We need to change urgently ingrained mindsets if we want to take the bull by the horn.

What are the development options?

First, a culture that is stuck to coconut alone — the status quo. Some sectors believe that since coconut has many products and is the “tree of life,” it is the end-all and be-all of development. Omitted in the linear thinking is whether the logical outcome is to increase farmers’ income and reduce poverty.

This is where we have been for decades. No wonder farmers’ poverty incidence is stuck at near 40% and far higher among coconut farmers and workers.

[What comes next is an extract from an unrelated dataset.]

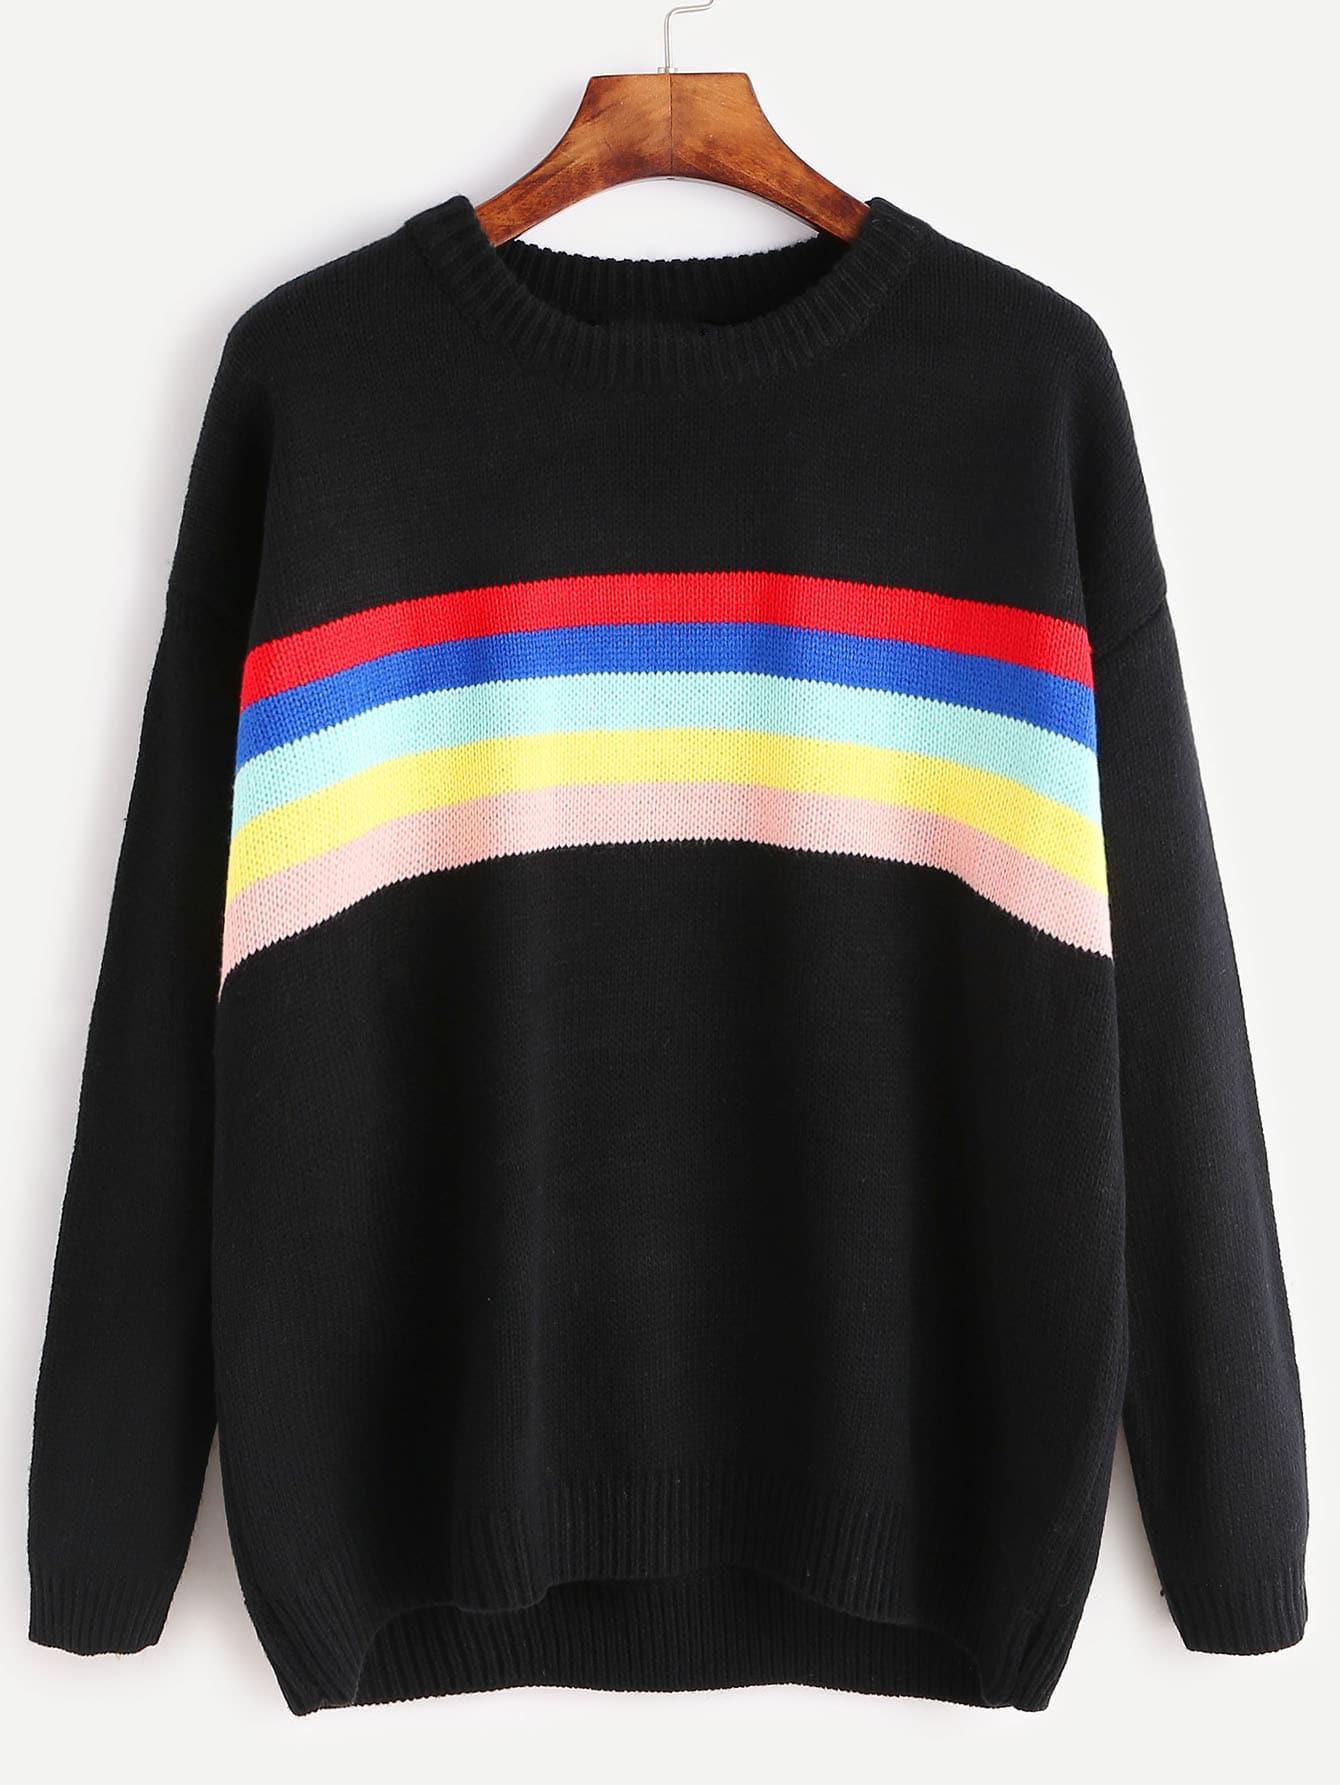 Black Dropped Shoulder Seam Rainbow Striped Sweater

The second option is openness to all options as long as they will move many rural poor out of poverty. This option is what our ASEAN neighbors took. It is not surprising that Thai and Indonesian agriculture exports exceed over $40 billion, Malaysia over $35 billion, and Vietnam nearing $20 billon. The Philippines is stuck at around $5 billion.

The future of the coconut farmers lies in the hands of 21st century thinking. If the markets, land and logistics are suitable to high-density hybrid coconuts, so be it. If it is for oil palm or rubber, go for it. If it is cacao, saba banana and coffee intercropping, then execute the farming systems. The farmer’s profit is the acid test.

Imagine a Philippines where there is little or no rural poverty. Twenty million people (four million families) earning a total net income of P400 billion a year. It is hard work. But it is possible. Our Southeast Asian neighbors have succeeded in this.

What will that do to the domestic market and investments? What will that do to the peace? Think about it.

Rolando Dy is chair of the Management Association of the Philippines Agribusiness and Countryside Development Committee, and executive director of the Center for Food and AgriBusiness of the University of Asia & the Pacific.